Buencamino writes political commentary for Action for Economic Reforms. This article was published in Business Mirror, March 22, 2006 edition, p. A10.


When the Senate investigated the Jose Pidal bank account, the jueteng payolas, the tapping of Garci’s phone, the Venable contract, the role of the Armed Forces of the Philippines (AFP) in the 2004 elections, and the fertilizer scam, Malacañang  vilified the Senate and harassed its eyewitnesses through character assassination, intimidation, and bribes.


When Senator Juan Ponce Enrile accused Senator Jamby Madrigal of cheating,  Malacañang immediately called for the Senate to investigate Enrile’s allegation.


Presidential Chief of Staff Mike Defensor said, “We believe in him (Enrile) because he had first-hand information, and to be fair to both Senator Enrile and Senator Madrigal the issue should be investigated.”


Presidential spokesman Ignacio Bunye did Defensor better. He said, “Senator Madrigal should prepare herself, it is the right of the Filipino people to hear her side…and it is high time that the opposition should speak up and condemn this act of their member. The opposition should speak up because they had been attacking the credibility of our President when the fact is that the President had already thoroughly defended herself on charges of electoral fraud. It is high time that the opposition addressed the issue on Madrigal.” The worm turns.


Bunye and Defensor are Malacañang-certified purveyors of truth. The one who pulled two fake “Hello Garci” CDs out of thin air and said one of them was real is Bunye.  The one who pulled an audio expert out of his ass and claimed the real “Hello Garci” tapes were electronically and digitally manipulated is Defensor.


Anyway, it’s good that Senator Enrile is not one of Malacañang’s hired help. Otherwise, they would have ordered him to don a standard-issue Credible Administration Witness uniform: bulletproof vest, sunglasses, baseball cap, and a dirty face towel   improvised as a hood.


When Newsbreak magazine published authentic photographs with its expose of ballot boxes being taken from the Batasan complex and tampered at Atty. Roque Bello’s house, Mrs. Arroyo’s justice secretary, Raul Gonzalez, dismissed the source of the pictures.

“How can we be sure if this tape exists, if this is authentic?”,  asked Gonzalez, who has the entire National Bureau of Investigation at his disposal to authenticate anything his heart desires. “Today, it’s easy to tamper [with] CDs” he added.

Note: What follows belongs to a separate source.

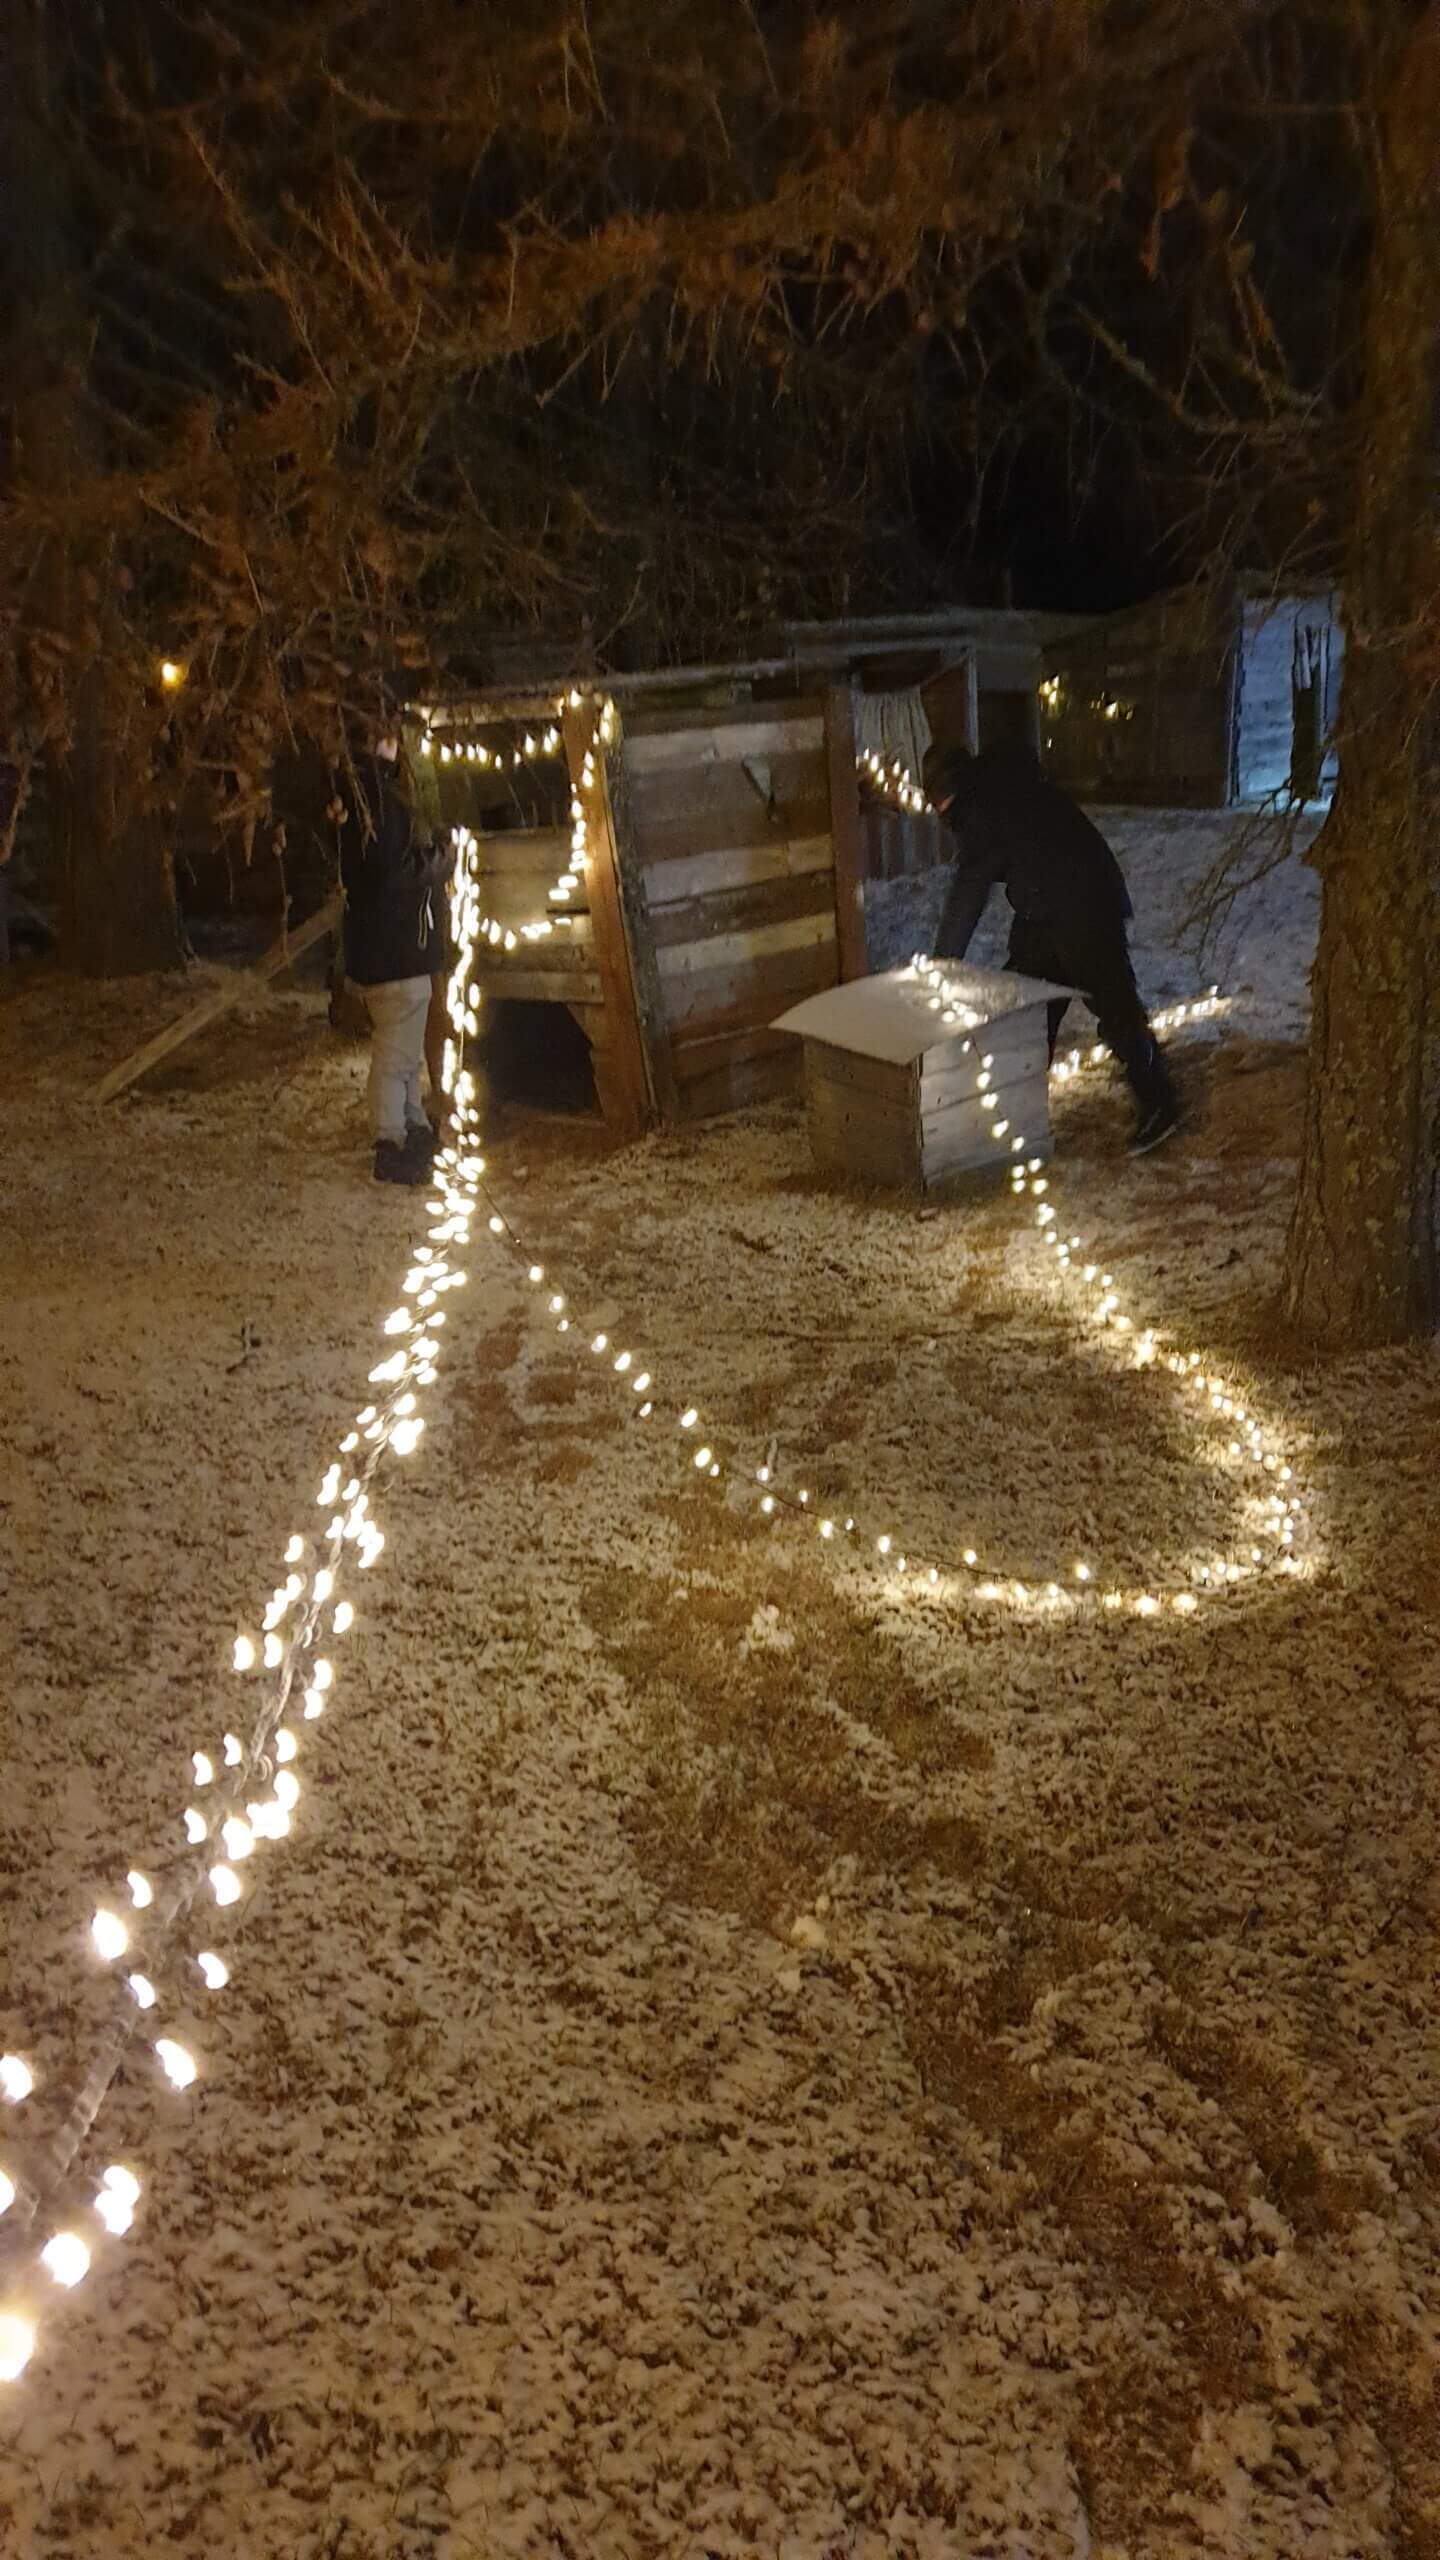 Ihminen laittamassa valonauhoja lumiselle pihamaalle ja puumajaan.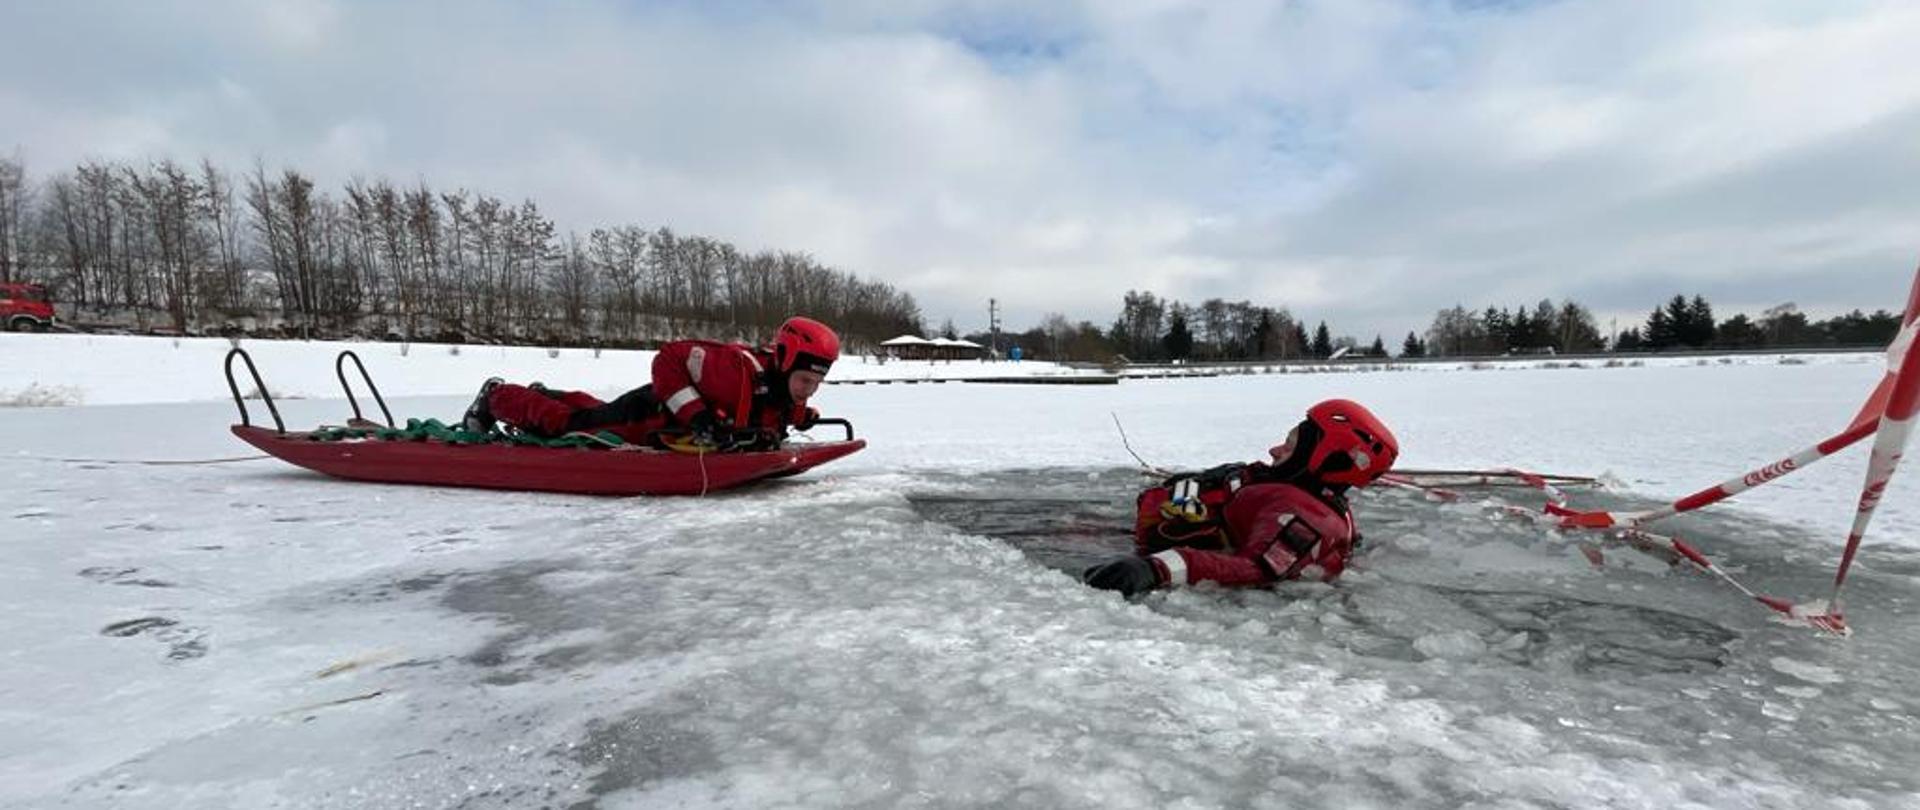 Ćwiczenia kazimierskich strażaków z zakresu ratownictwa lodowego na zbiorniku retencyjnym w Kazimierzy Wielkiej

And yet, despite the fact that “today it’s easy to tamper with CDs”, the EO 464-protected Mrs. Arroyo wants the public to believe that a CD allegedly recovered in the course of capturing an escaped Magdalo prisoner is authentic and untampered. The worm turns.


When an eyewitness testifies under oath against Mrs. Arroyo and her associates, it’s no good. When a senator delivers a sound bite about a colleague discussing cheating, it’s good enough for a Senate investigation. When a CD links Mrs. Arroyo to cheating and rigging, it becomes illegal to possess and disseminate it. When a CD incriminates the opposition, it becomes a Lupita Kashiwahara movie. That’s the way it is now.


But it gets better.


Last week, Mrs. Arroyo asked her staff for some law books to read. She had decided she was going to become a lawyer too.


After completing her introductory readings, she announced, “I have been poring over old presidential decrees because they are still in effect, to look at the punishment for economic sabotage. I realized that they can be tried by court-martial or by military tribunal.”


Now Mrs. Arroyo is asking for more law books to read. She wants to know if Solicitor General is a military rank with stars.


The worm is dead.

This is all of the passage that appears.